Night didn't end in Ọhịa Udo—it deepened.
The sky remained bruised, thick with clouds that pulsed like something alive. Birds refused to fly. Goats wailed like children. And in the compound of the oldest living woman, Nneka the Bonekeeper, the wind began whispering names.
She hadn't spoken in twenty years. Not since the war that silenced her children and took her tongue with fire. But now, she sat straight in her raffia mat as if her spine remembered the weight of prophecy. Her eyes glowed faintly, the color of smoldering coal.
"Nwanyi," she rasped to no one. "Ọgbanje is among us."
***
In the sacred grove, the twelve daughters kneeled as the earth pulsed beneath them. Their eyes were still marked with ash and chalk. Adamma's arms burned with light now—not fire, not magic, but something older, ancestral, inherited.
"She hears them," one girl whispered.
Adamma raised her head slowly. Her face was wet, but she hadn't cried. Not tears. Blood.
"They say we must choose," she whispered. "Either silence… or storm."
Mma Oluchi nodded solemnly. "Then let the choosing begin."
One by one, each daughter was handed a relic from the earth—a tooth, a shard of bone, a feather from a long-dead vulture, a stone marked with iron. Each one tied to a secret, a truth, or a curse.

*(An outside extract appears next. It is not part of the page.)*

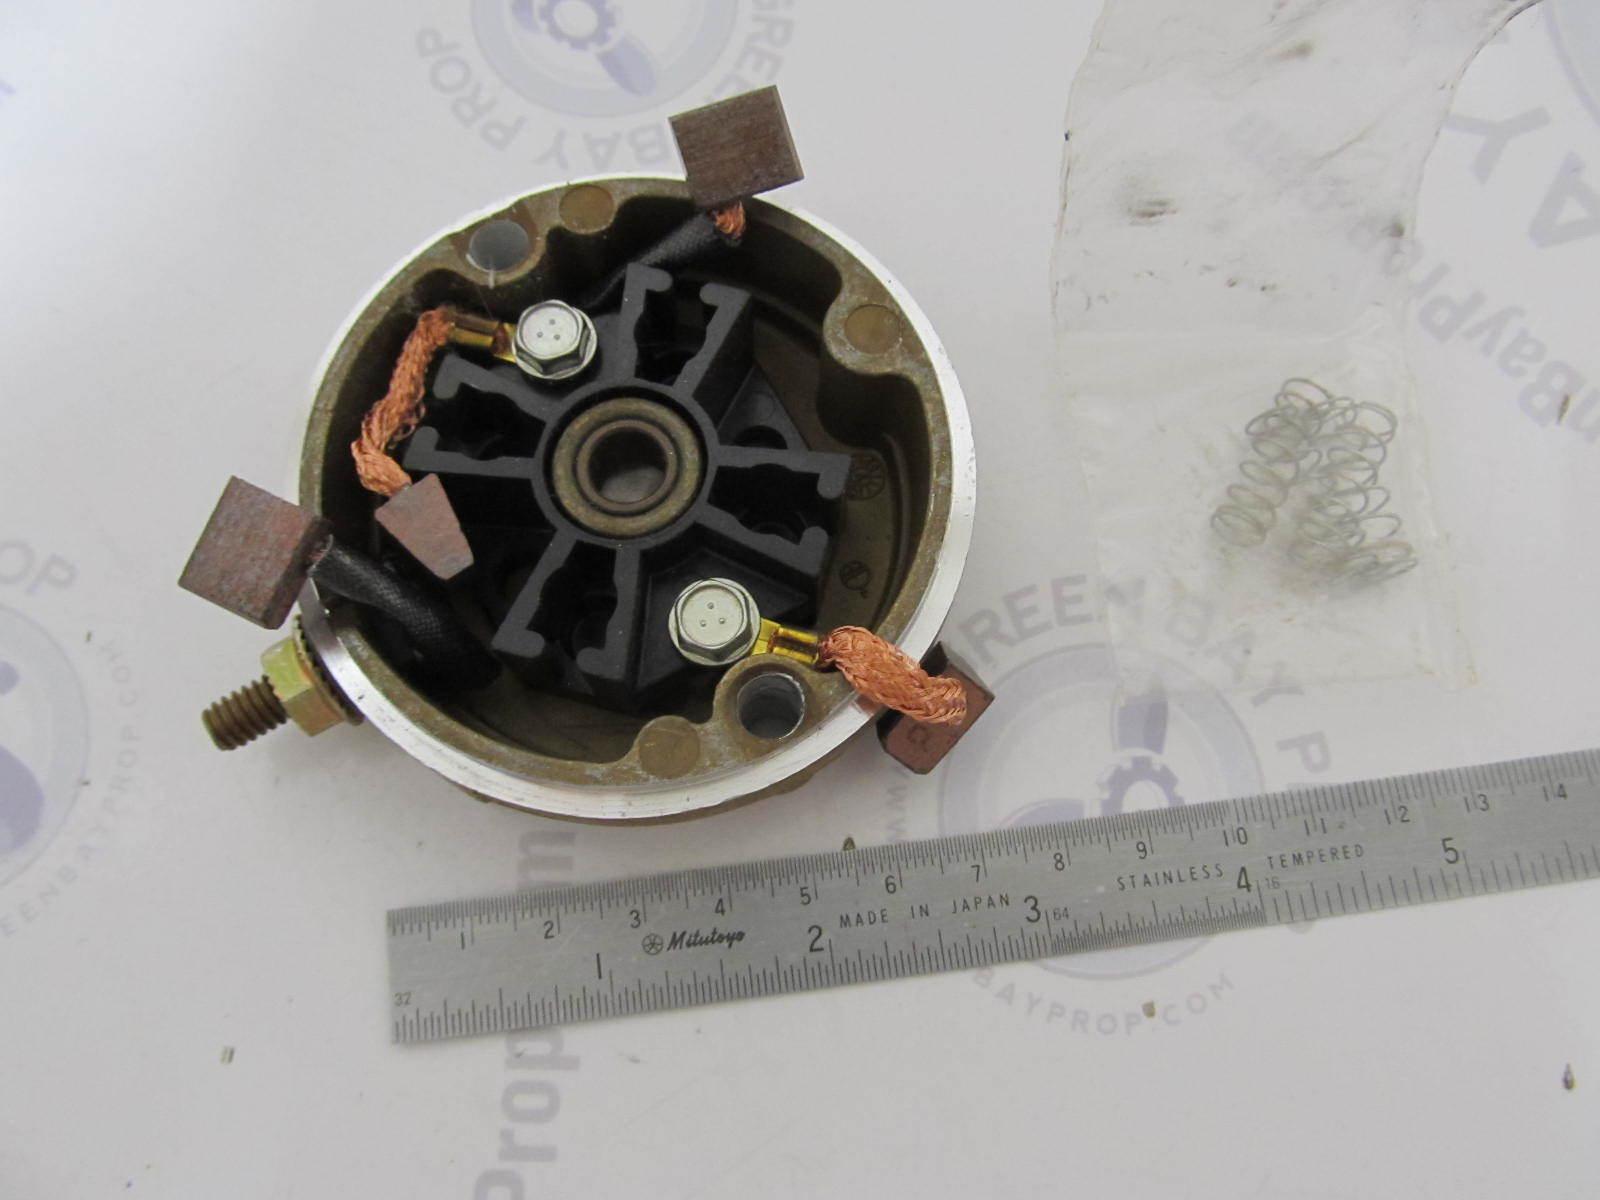 0585265 585265 OMC Evinrude Johnson 20-35 HP Outboard

Only Adamma was given nothing.
She was the one who would remember.
***
Far from the grove, in the governor's office in Enugu, the floor cracked open beneath the deputy's desk. A wave of locusts burst from the cement, screaming. The wall cracked, and an ancient map—long dismissed as myth—bloomed like fungus under the plaster. The old borders. The real names. The hidden kingdoms.
And every time someone tried to erase it, it returned—darker, sharper.
The historian who had vanished in Chapter Seven was not lost.
He was underground—writing.
With ink made from his own blood.
Etching names into bones.
***
By dawn, three of the strangers who had come to the village were dead.
One had drowned in dry sand.
One had clawed his own eyes out, whispering, "I saw her… She remembers me…"
And one simply vanished, leaving behind a journal that read only:
*"The daughters are not rising. They were never buried."*
In the grove, the girls stood beneath a tree no one had planted.
Its branches bore skulls instead of fruit.
Adamma looked up.
And the wind carried the voices of the ancestors.